• Task
Take the lines from the one with "DOUTOR 咖啡➕巧克力 🍪曲奇饼干 ..." through the end of the material below and repeat them exactly, dropping every picture.

• Data provided
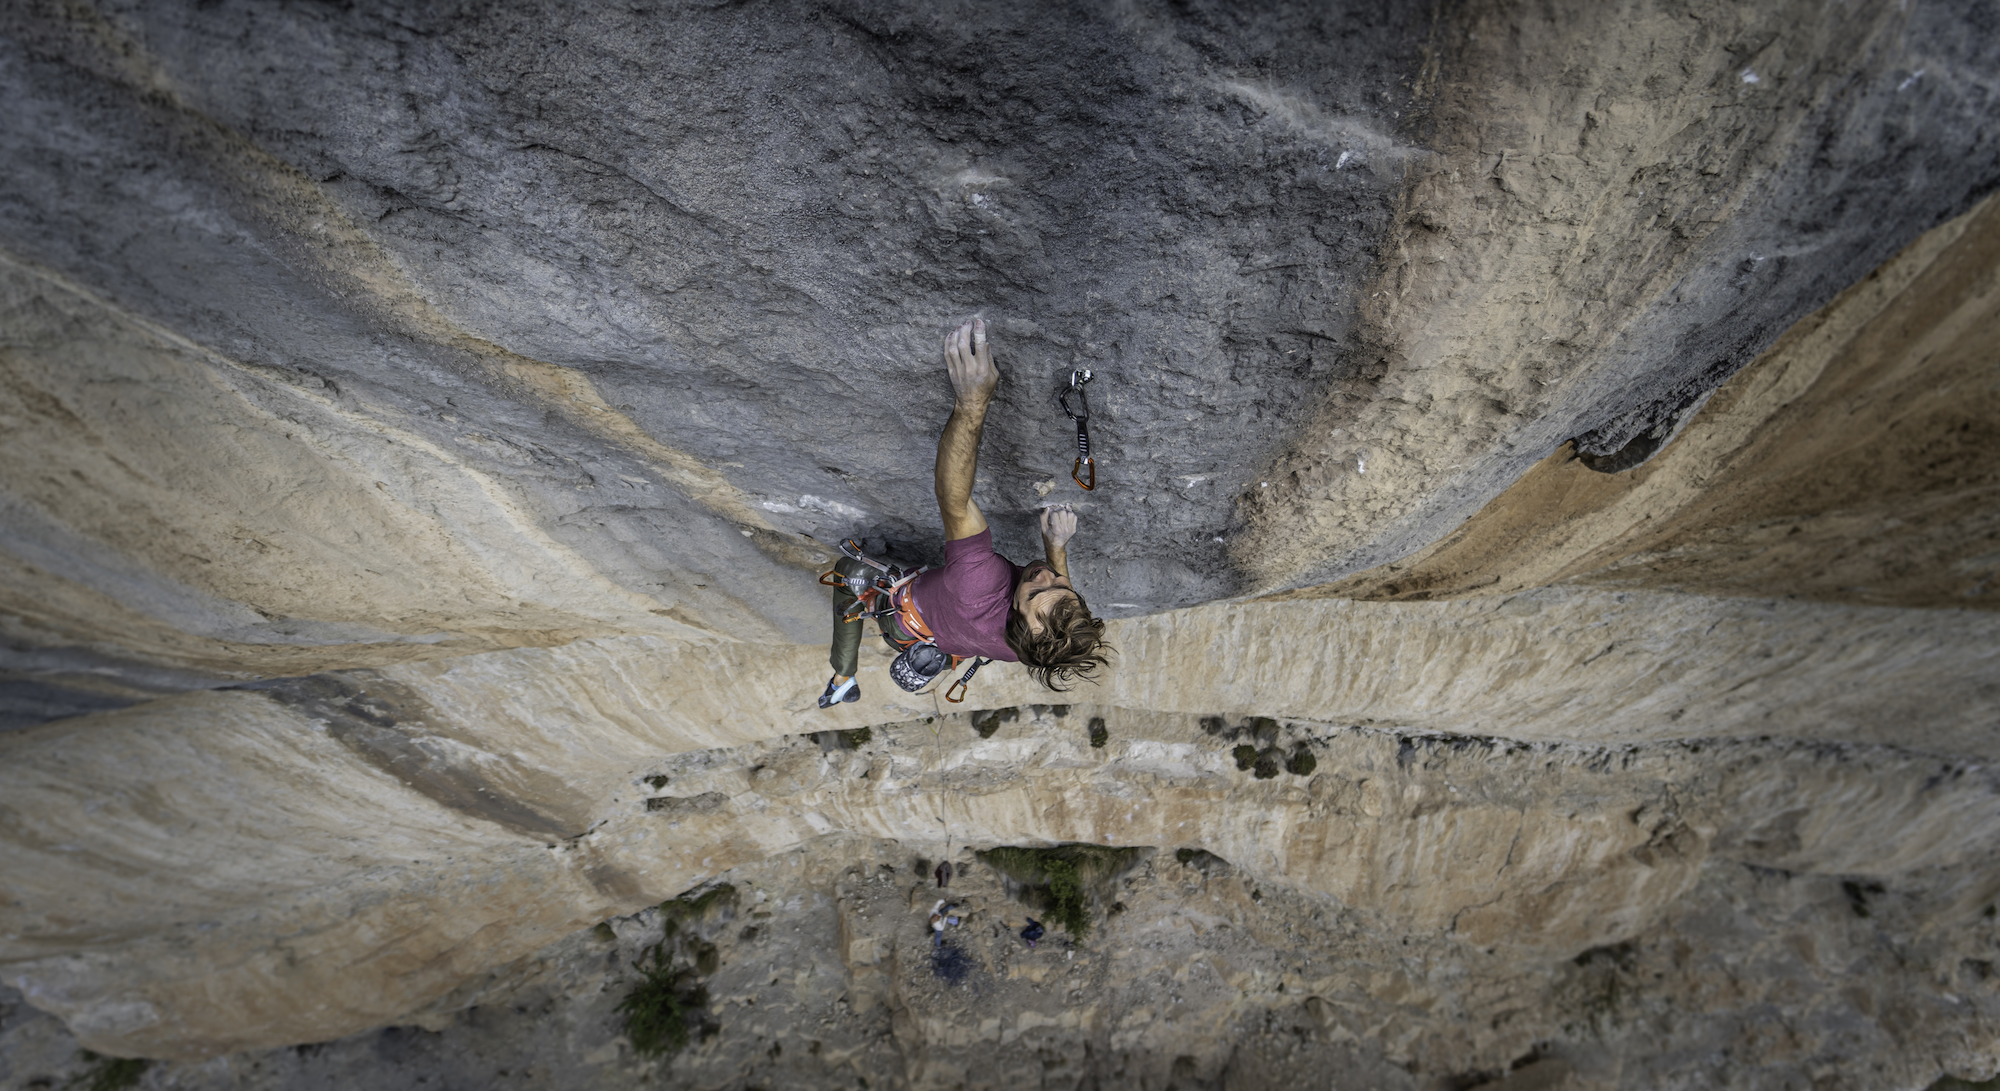 Chris Sharma climbing Sleeping Lion at the El Pati sector of Siurana.
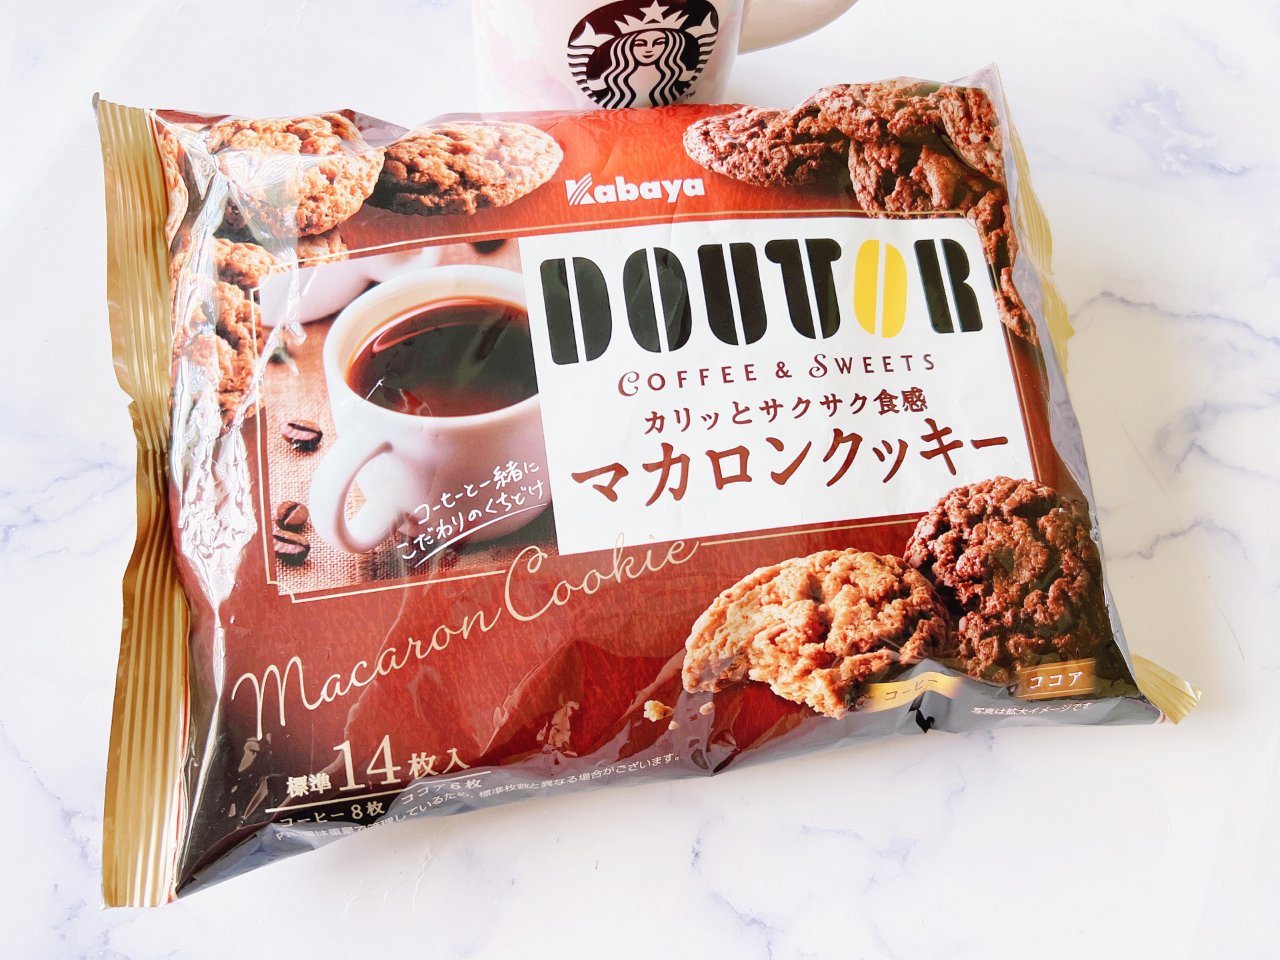 DOUTOR 咖啡➕巧克力 🍪曲奇饼干 ...
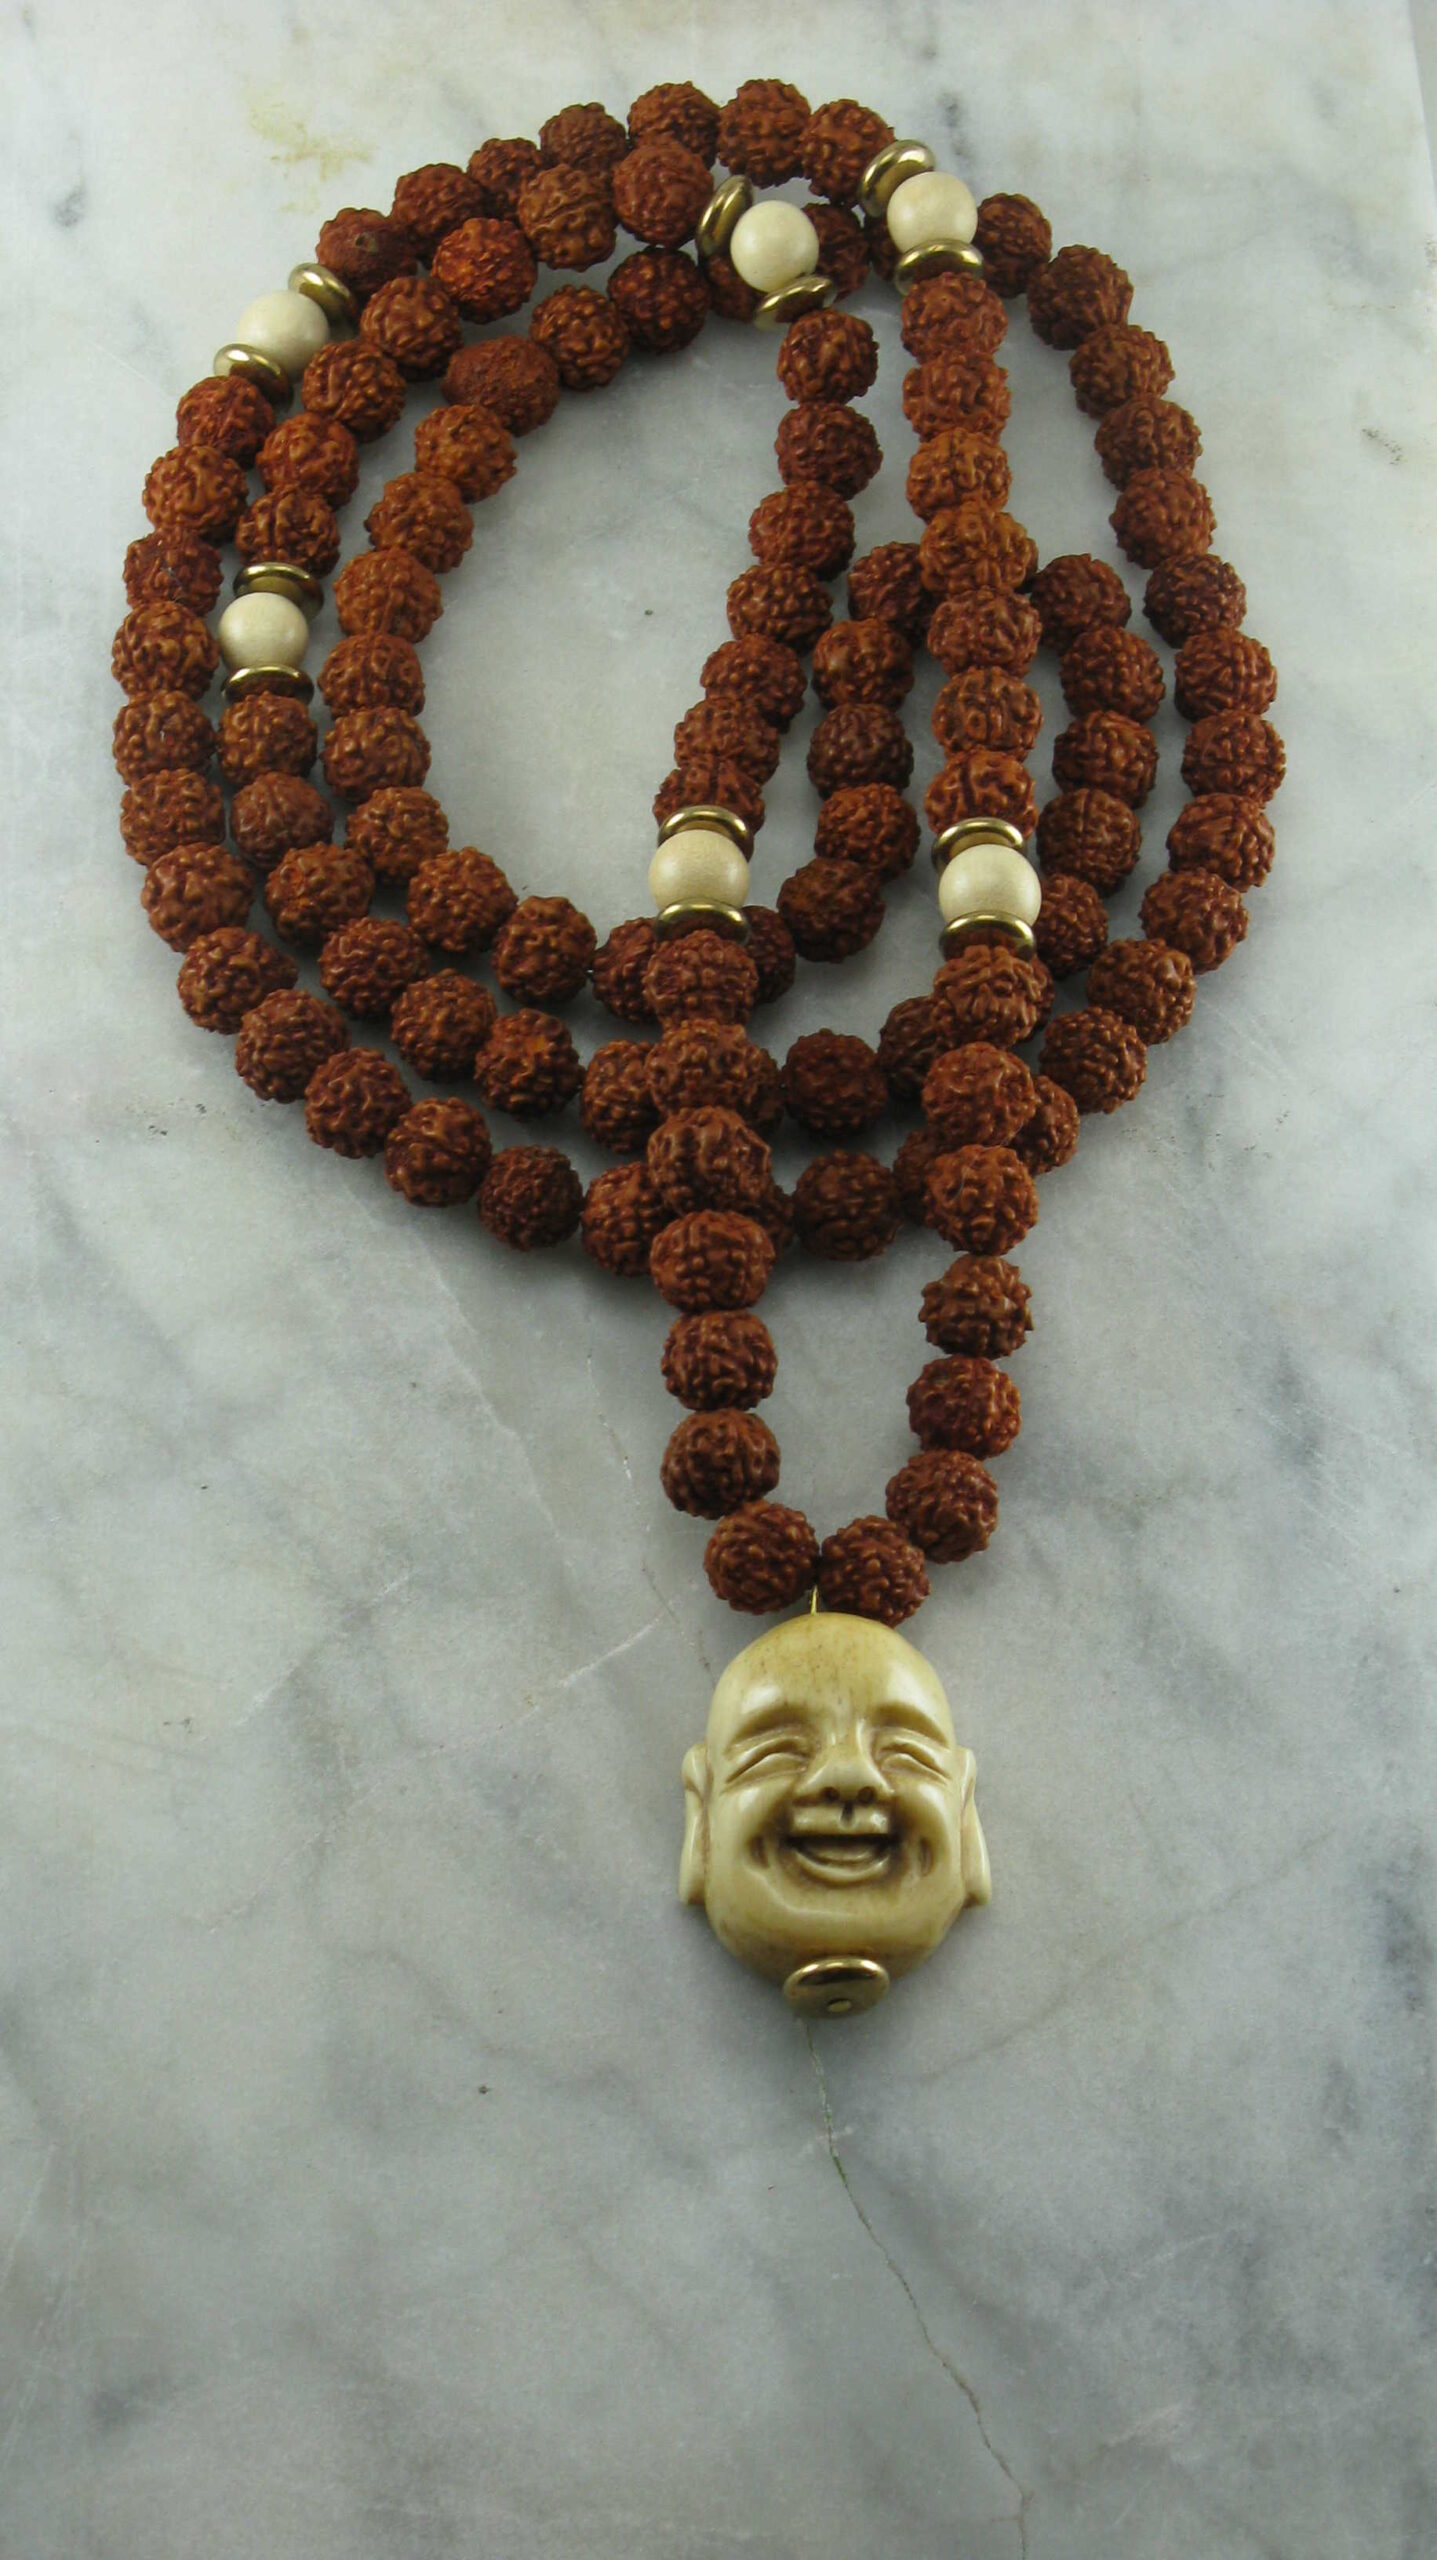 https://saltspringmalas.com/wp-content/uploads/2012/11/Joy_Mala_Necklace_108_Rudraksha_Mala_Beads_Buddhist_Prayer_Beads-scaled.jpg

• Exercise result
 DOUTOR 咖啡➕巧克力 🍪曲奇饼干 ...
 https://saltspringmalas.com/wp-content/uploads/2012/11/Joy_Mala_Necklace_108_Rudraksha_Mala_Beads_Buddhist_Prayer_Beads-scaled.jpg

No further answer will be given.